Nell’ambito psicoterapeutico, l’analisi dell’autostima e della fiducia in sé stessi rivela un intricato legame tra la percezione interna e il modo in cui l’individuo si relaziona con il mondo esterno. L’autostima infatti, oltre ad avere un impatto diretto sul nostro modo di interpretare la realtà, ha anche un’influenza significativa sull’immagine che proiettiamo agli altri. Il modo in cui ci percepiamo internamente si riflette inevitabilmente nei nostri comportamenti, espressioni e atteggiamenti verso gli altri.

Questo legame tra autostima e percezione altrui crea un ciclo interattivo: la nostra autostima influenza il nostro comportamento sociale, che a sua volta determina le reazioni e i feedback che riceviamo dagli altri. Questo circolo vizioso può essere interrotto attraverso l’autoconsapevolezza e il lavoro su sé stessi. L’autoanalisi delle proprie convinzioni limitanti e la pratica di nuovi modelli di comportamento possono contribuire a cambiare il modo in cui ci percepiamo e veniamo percepiti dagli altri.
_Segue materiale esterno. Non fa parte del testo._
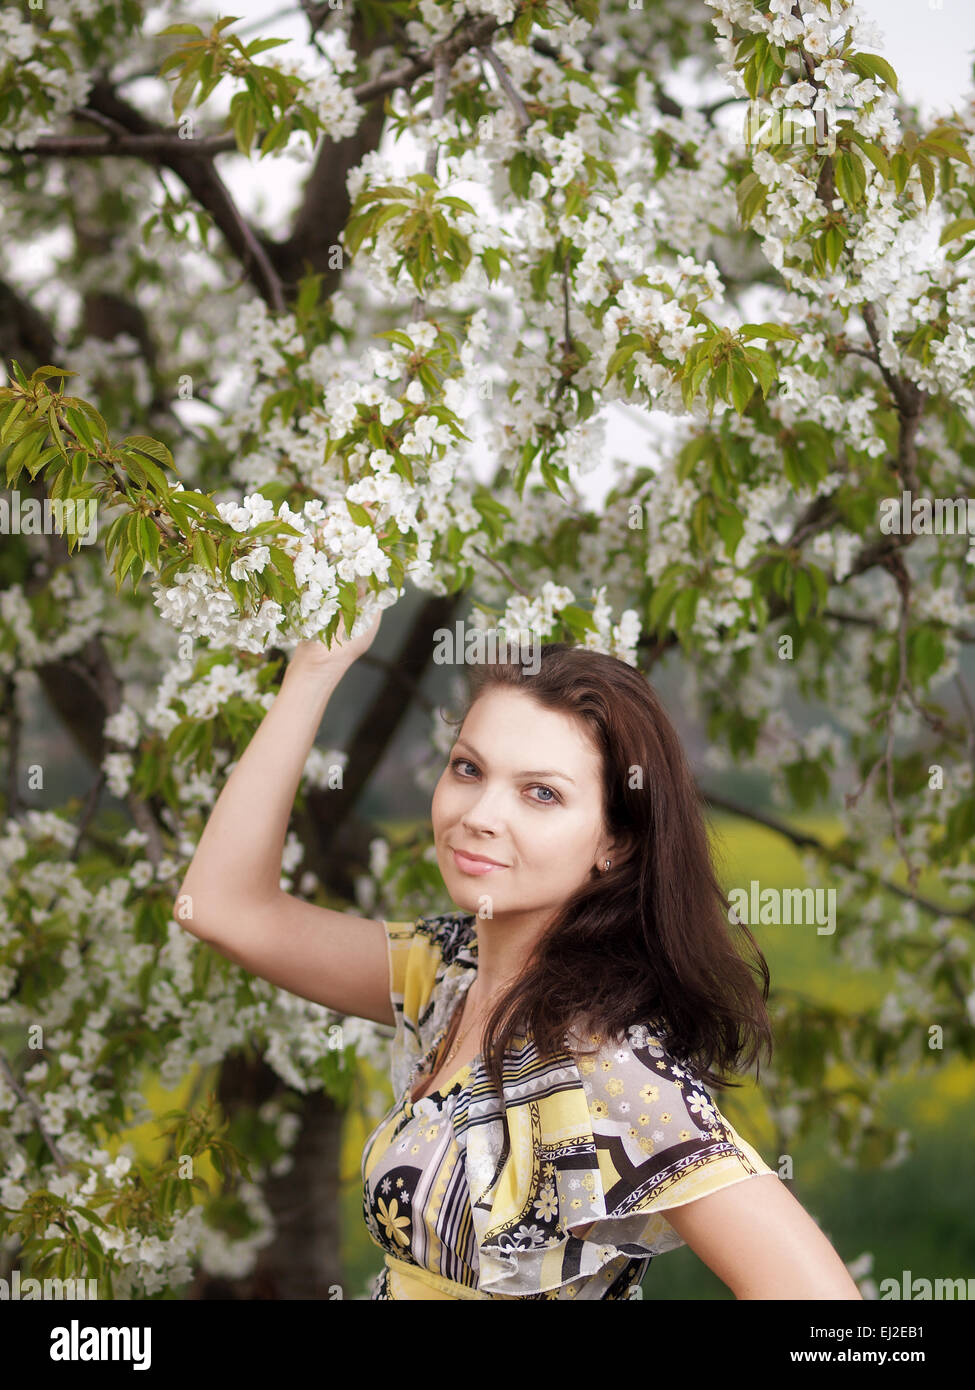 Outdoor young woman during springtime Stock Photo

Attraverso l’adattamento e la crescita personale, è possibile trasformare un circolo vizioso in un circolo virtuoso, in cui la fiducia in sé stessi si traduce in interazioni più positive e in una maggiore autostima, alimentandosi reciprocamente per un benessere psicologico duraturo.

Bassa autostima, origini

Le radici della bassa autostima spesso si intrecciano con le esperienze dell’infanzia, creando un impatto duraturo sulla percezione di sé nell’età adulta. L’infanzia, in particolare, svolge un ruolo cruciale nella formazione dell’autostima. Le interazioni con genitori, caregiver e coetanei possono lasciare un’impronta profonda nella psiche dell’individuo. Ad esempio, un ambiente familiare in cui prevale la critica e l’insicurezza può generare un’autostima fragile e negativa. Similmente, il bullismo o l’abuso subito durante l’infanzia possono influenzare la percezione di sé, erodendo la fiducia e promuovendo pensieri negativi.
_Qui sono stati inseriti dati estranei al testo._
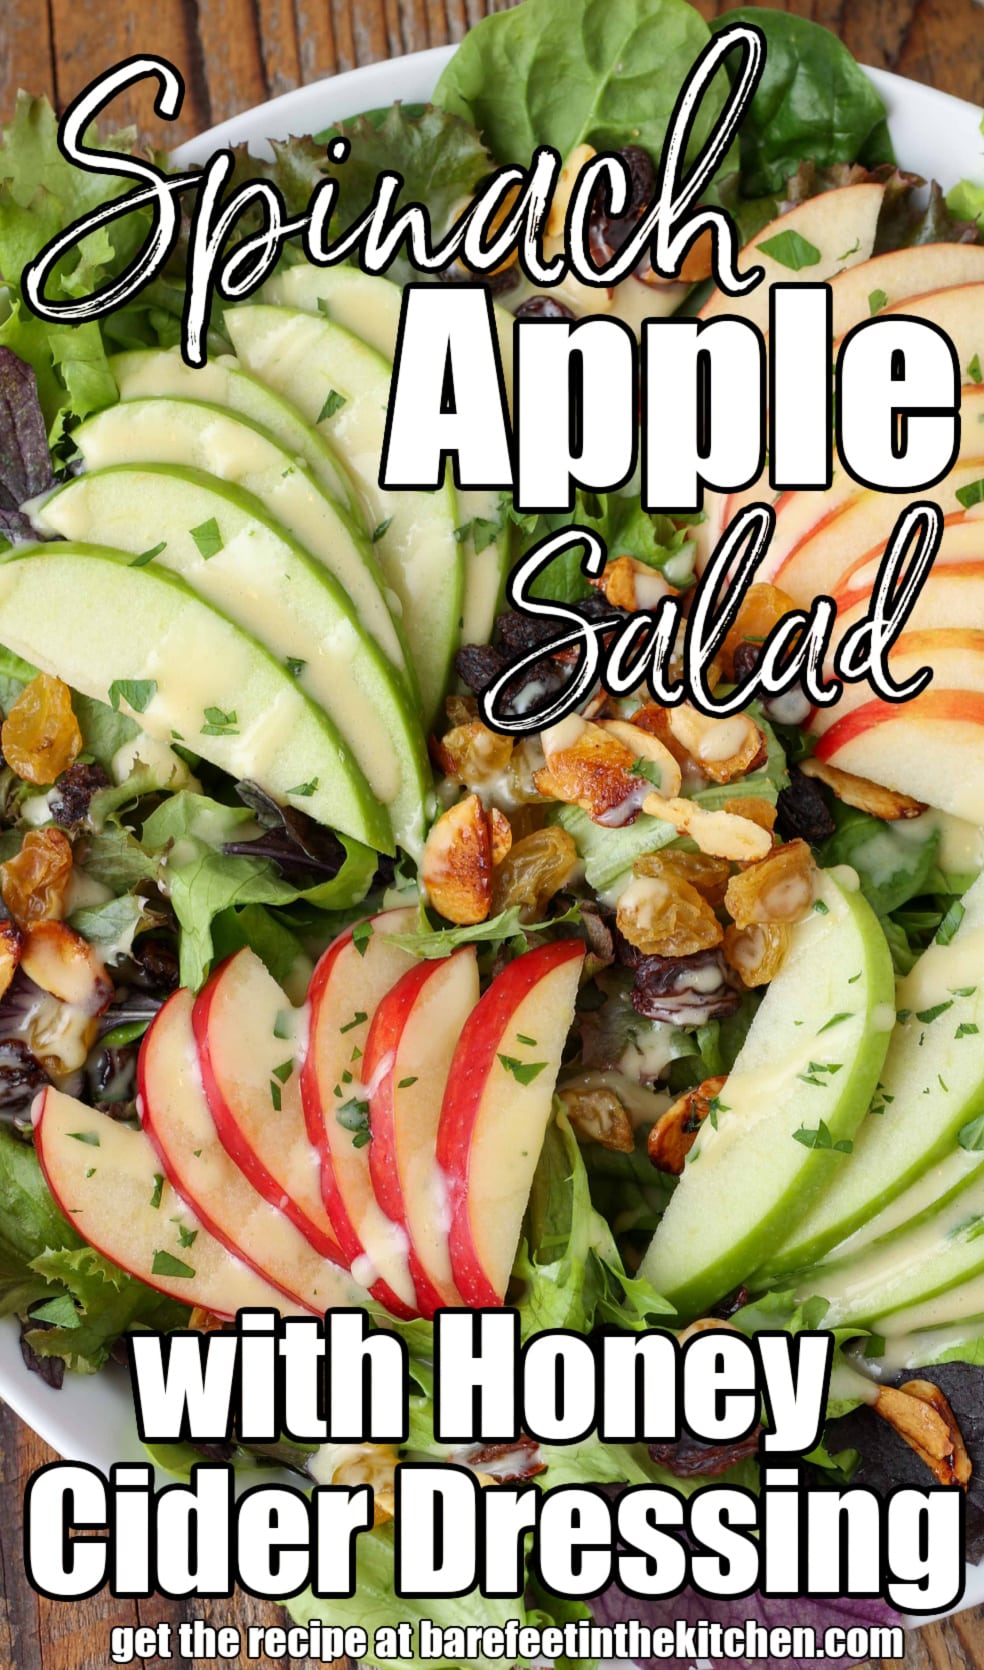 Spinach Apple Salad with Honey Cider Dressing

L’elaborazione di queste esperienze attraverso la terapia può essere un passo cruciale verso la guarigione e il rafforzamento dell’autostima. Con il sostegno di un terapeuta competente, gli individui possono apprendere nuovi modi di affrontare il passato, riscoprire la propria forza interiore e sviluppare una visione più equilibrata e positiva di sé stessi.

Autostima e salute mentale

Una bassa autostima può generare un complesso spettro di implicazioni negative per la salute mentale. Queste implicazioni si riflettono in una serie di sintomi e sfide che possono erodere il benessere psicologico e ostacolare il funzionamento globale dell’individuo.
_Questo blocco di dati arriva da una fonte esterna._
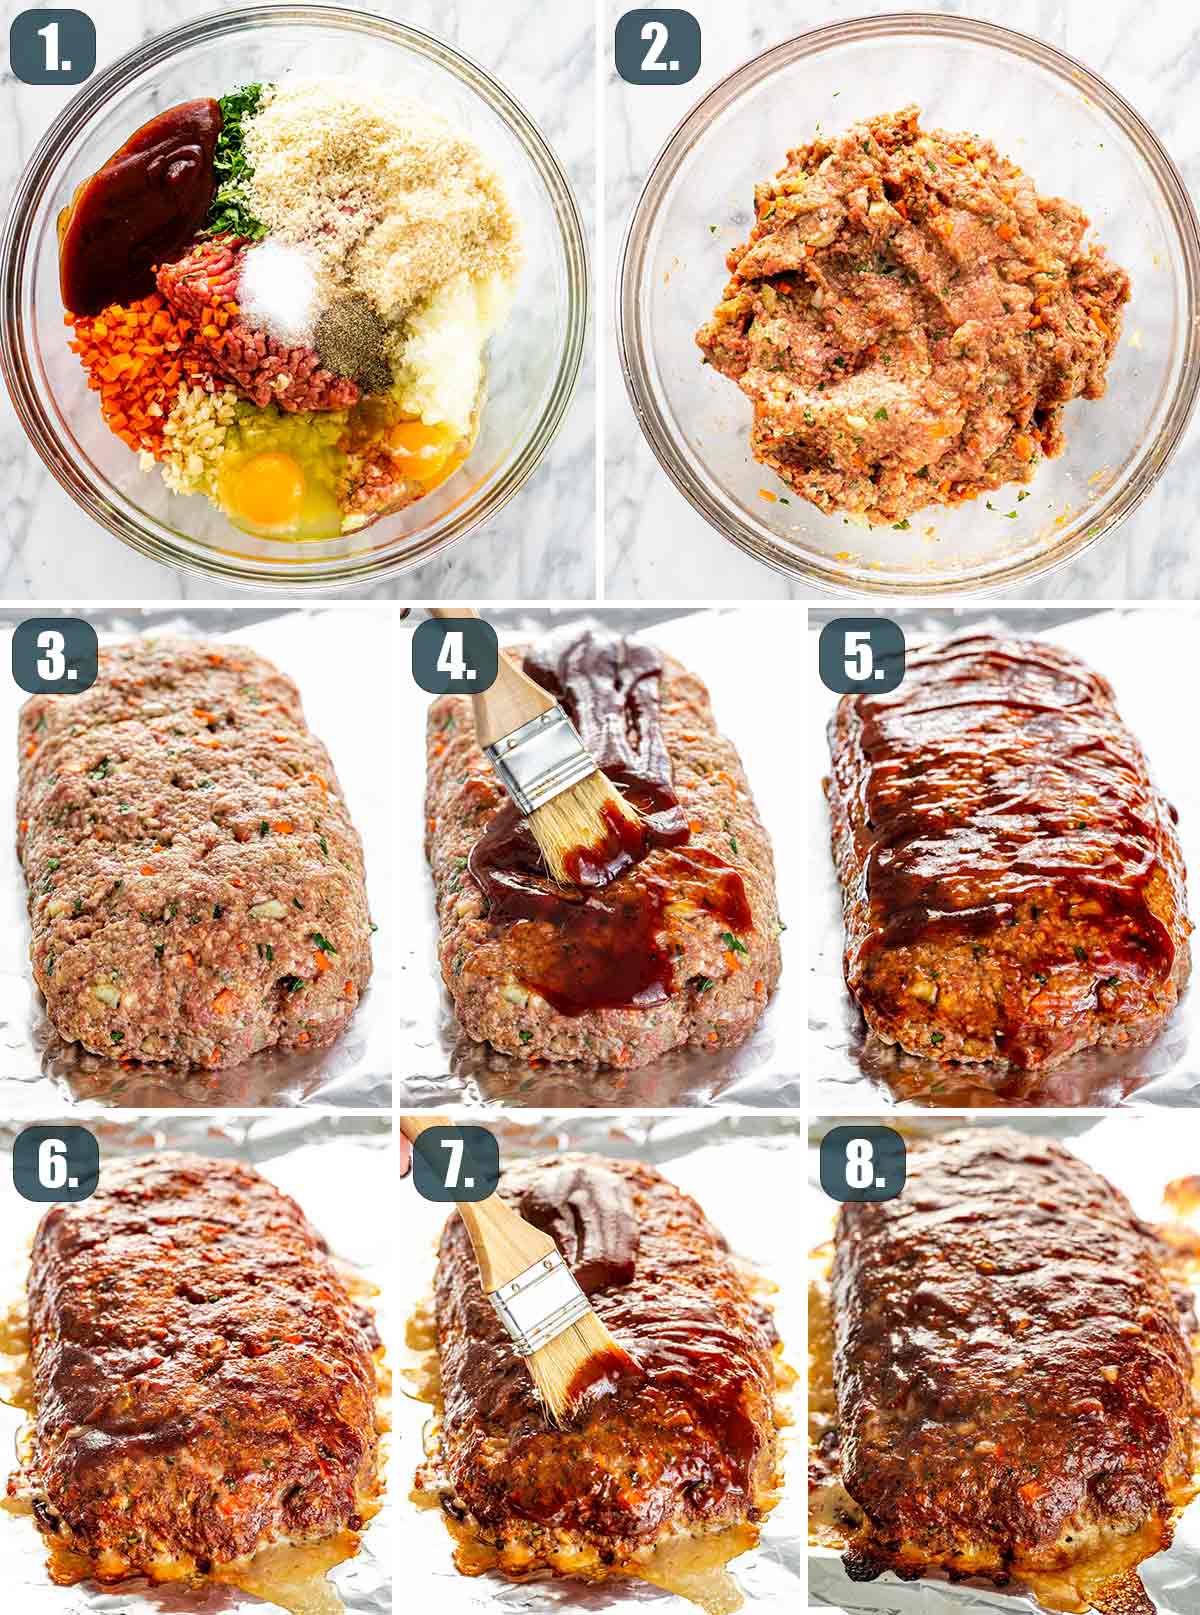 Easy Meatloaf Recipe - Craving Home Cooked

È infatti spesso associata a sintomi depressivi, caratterizzati da umore depresso persistente, perdita di interesse per le attività, fatica e sentimenti di inutilità. Questa relazione è radicata nell’autovalutazione negativa che spesso accompagna la bassa autostima, contribuendo all’insorgenza di emozioni depressive. Inoltre può innescare manifestazioni ansiose, evidenziando un senso di inadeguatezza e una paura costante di essere giudicati negativamente dagli altri. Questa ansia sociale può limitare le interazioni sociali e generare sentimenti di isolamento, alimentando ulteriormente il ciclo negativo.

Le persone con bassa autostima possono anche manifestare distorsioni cognitive, ossia percezioni distorte della realtà. Questi schemi di pensiero possono amplificare la negatività interna, alimentando la critica e l’autosvalutazione. La continua autocritica può sfociare in un atteggiamento di autosabotaggio, con l’evitamento delle opportunità di crescita personale e professionale. I disturbi alimentari e l’abuso di sostanze possono anche derivare da una bassa autostima, poiché l’individuo cerca di far fronte ai sentimenti di vuoto e insoddisfazione attraverso comportamenti distruttivi. Questi comportamenti possono portare a un circolo vizioso in cui la bassa autostima alimenta i sintomi e viceversa.

È importante sottolineare che queste conseguenze mentali negative possono interagire e amplificarsi reciprocamente, creando un quadro complesso di difficoltà psicologiche. La terapia psicologica svolge un ruolo cruciale nell’affrontare queste implicazioni, lavorando per ristrutturare le credenze limitanti, sviluppare strategie di coping più sane e promuovere la costruzione di un’autostima più resiliente e adattativa.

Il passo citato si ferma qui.